# Cobalt the stud muffin



## PoptartShop (Jul 25, 2010)

Soo beautiful!


----------



## alex0815 (Feb 9, 2008)

im pretty sure its illegal to have a horse that gorgeous =P

hes absolutely stunning=]


----------



## amightytarzan5 (Mar 20, 2008)

Wow. Now that's a gorgeous horse!

He looks kinda like Cobalt from the Saddle club! LOL!


----------



## my2geldings (Feb 18, 2008)

*cough*cough* where do you think I got the name from 


I am the most horrid person to come up with names. Except for Cobalt, all my friends and fellow riders are always the ones who have ended up naming my horses. I can never anything I like


----------



## rubyrules (Jul 29, 2008)

I. Love. Him.

Not fairrr. Friesians are one of my most favorite breeds..

Me take? Thanks.


----------



## Spyder (Jul 27, 2008)

Is he full Friesian or a cross and do you show him?


----------



## Vidaloco (Sep 14, 2007)

I know they are different breeds but he reminds me very much of my Vida in the face. I love him!


----------



## Sara (Jul 6, 2007)

he's gorgeous


----------



## my2geldings (Feb 18, 2008)

Thanks again everyone. He is one of the loves of my life. This young guy is a yearling so no showing for him yet but he will be taken on the young rider's circuit.
He is a registered Canadian Horse (not a friesian). Everyone always assumes thats what he is which is cute.
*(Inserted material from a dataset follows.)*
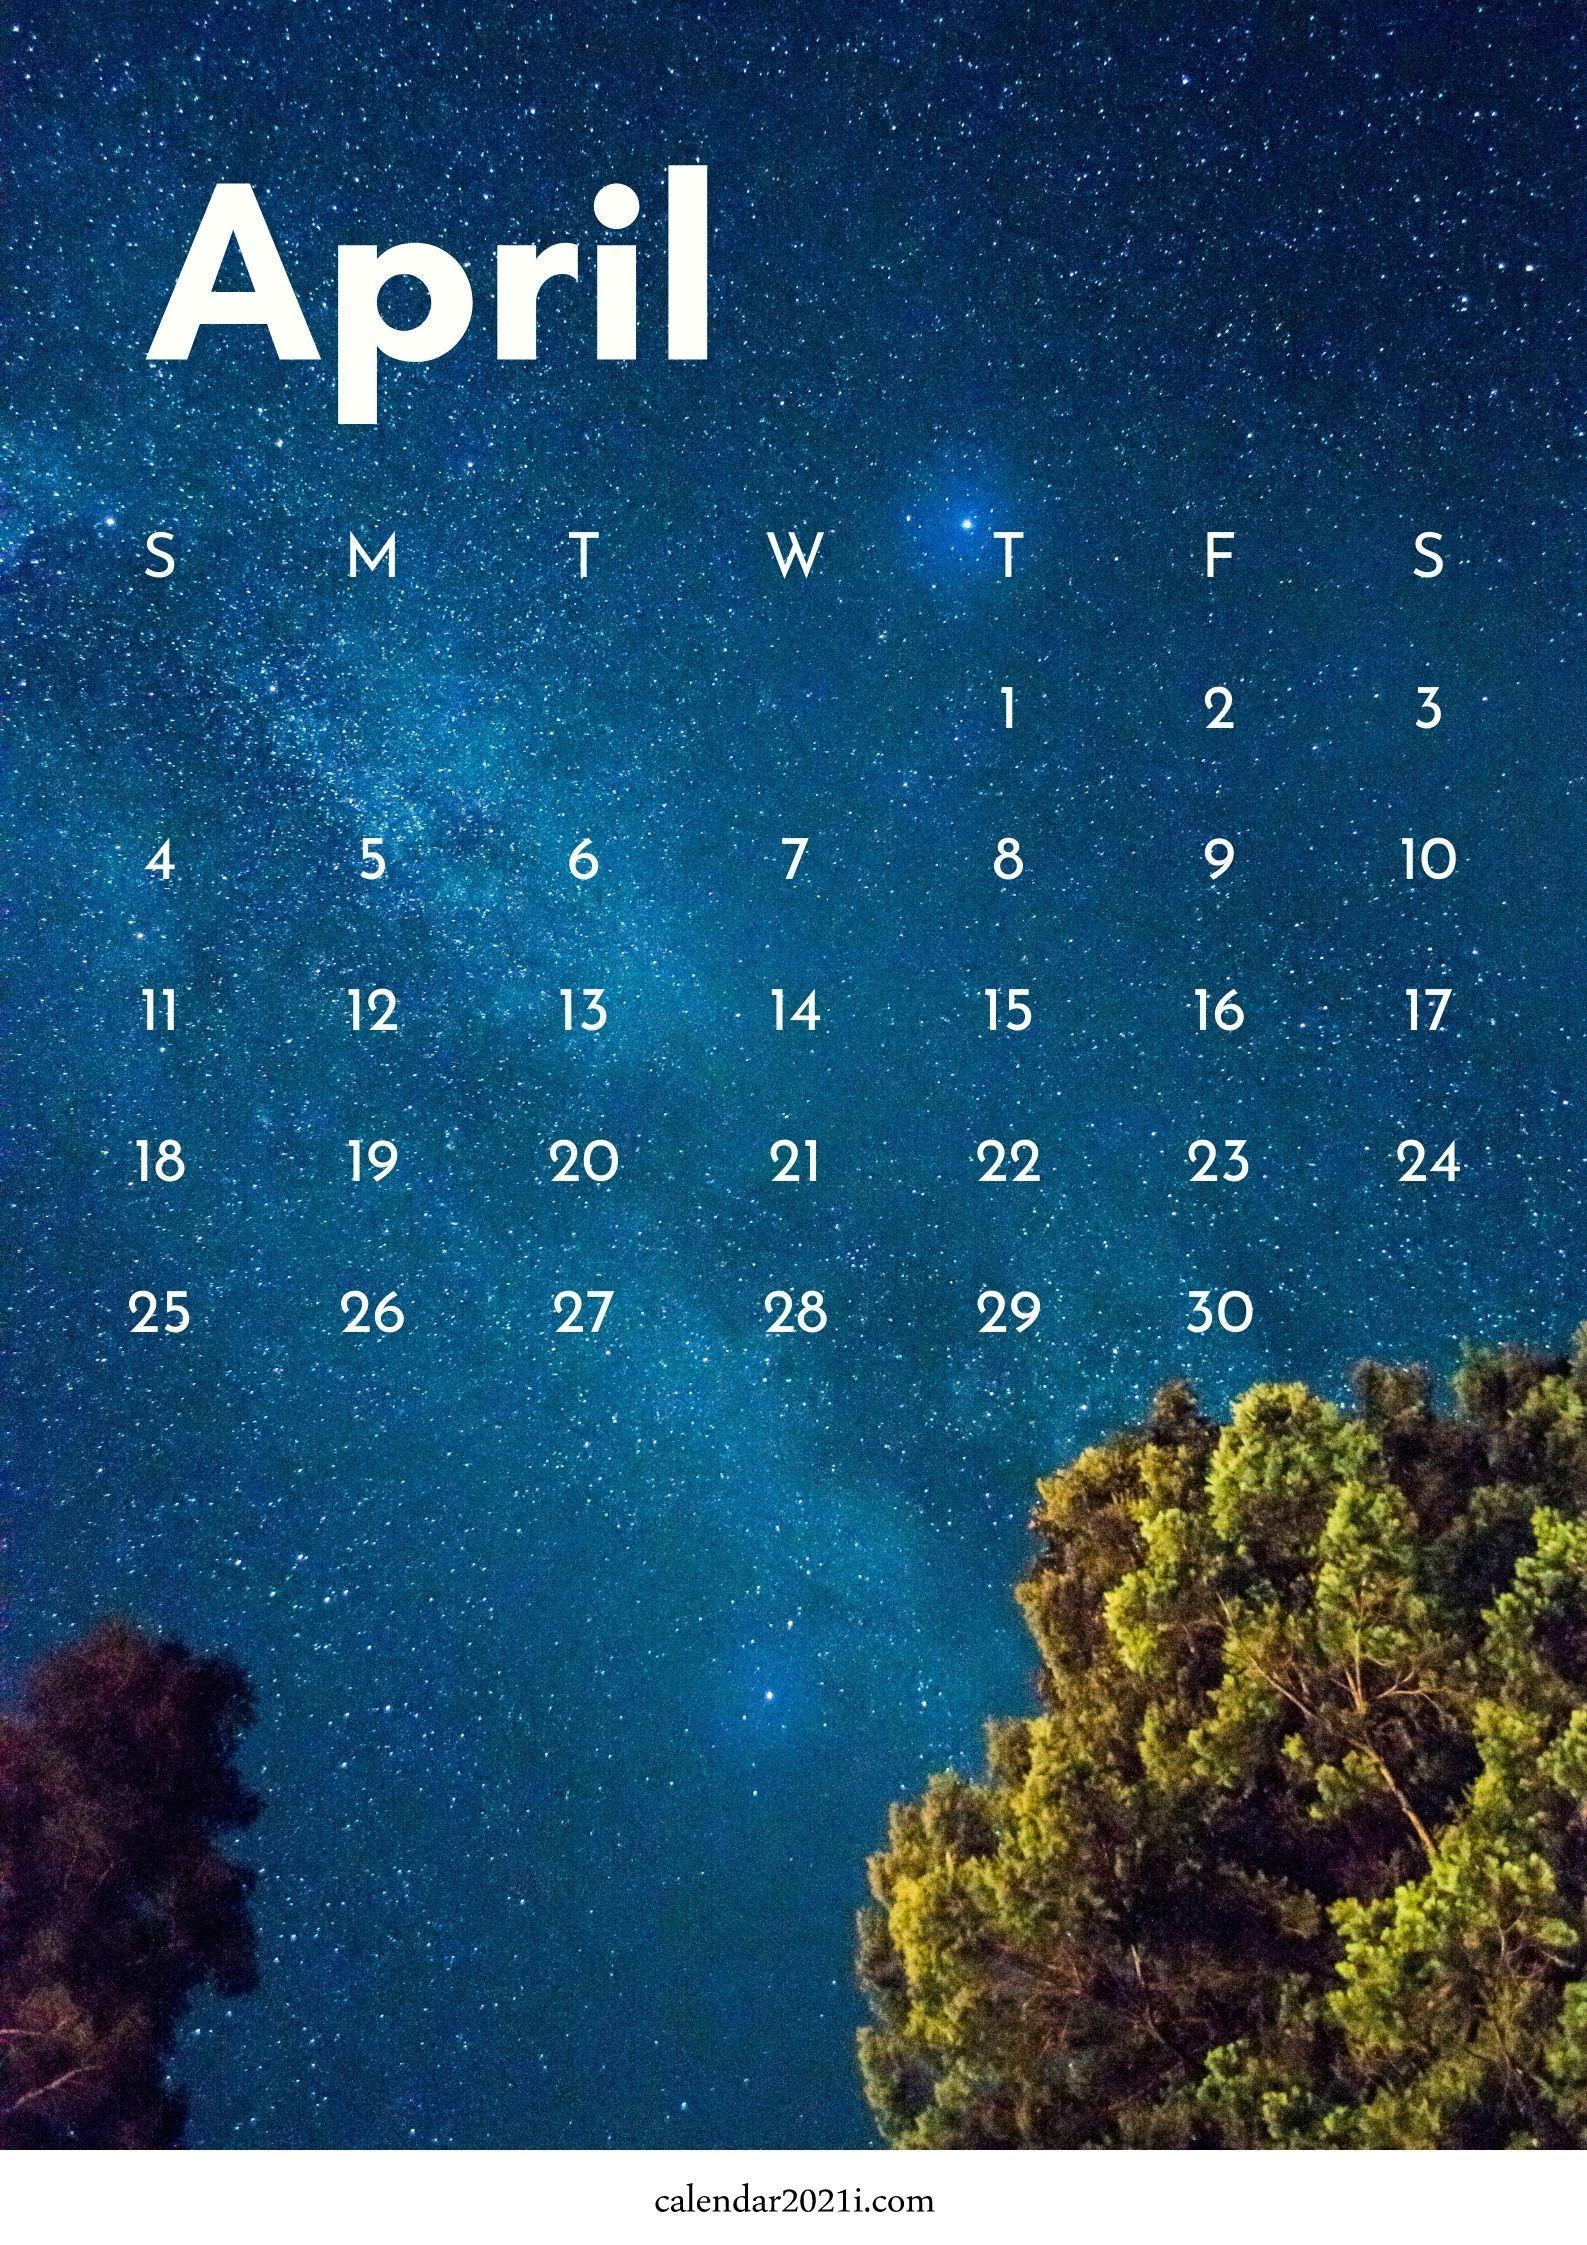 iPhone April 2021 Calendar Wallpapers Download Calendar 2021 1587x2245

http://www.cherrycreekcanadians.ca/stallions.htm


----------



## Spyder (Jul 27, 2008)

My2Geldings said:


> .
> He is a registered Canadian Horse (not a friesian). Everyone always assumes thats what he is which is cute.
> 
> http://www.cherrycreekcanadians.ca/stallions.htm


That explains it. He didn't quite look like Friesians I have known so thought he was a cross.

Very nice and is more what I expect from a Canadian. Does he drive ?


----------



## mlkarel2010 (Jan 27, 2008)

I L-O-V-E him!!!!

He's perdy and amazing, and studly and I love his name! 

That's it, I'm going to canada!


----------



## rubyrules (Jul 29, 2008)

Hm. He wasn't quite as bulky as the 2 Friesians I personally know but I have seen Friesians that look like him. Cutey! I still love him.


----------



## Harlee rides horses (Jan 13, 2008)

Are you going to keep him a big manly stud?


----------



## my2geldings (Feb 18, 2008)

Ah no this guy likes to think he's a stud. He was actually gelded at 8 months old. I've been very lucky with him tho. He has really developed a nice head and neck despite the fact he is a gelding


----------



## mudypony (Jan 30, 2008)

He's GEORGOUS!!! I absolutely love him!


----------



## Salty_alydaR (Mar 24, 2008)

aha! i love that nickname...stud muffin hehe :lol: 
it fits him well since hes so gorgeous!


----------



## my2geldings (Feb 18, 2008)

Thank you very much


----------



## FGRanch (Feb 9, 2008)

Just love him! That has not changed..lol Always will be a sucker for the Canadians! He's turning out to be a great looking horse! Can't wait to see him mature!


----------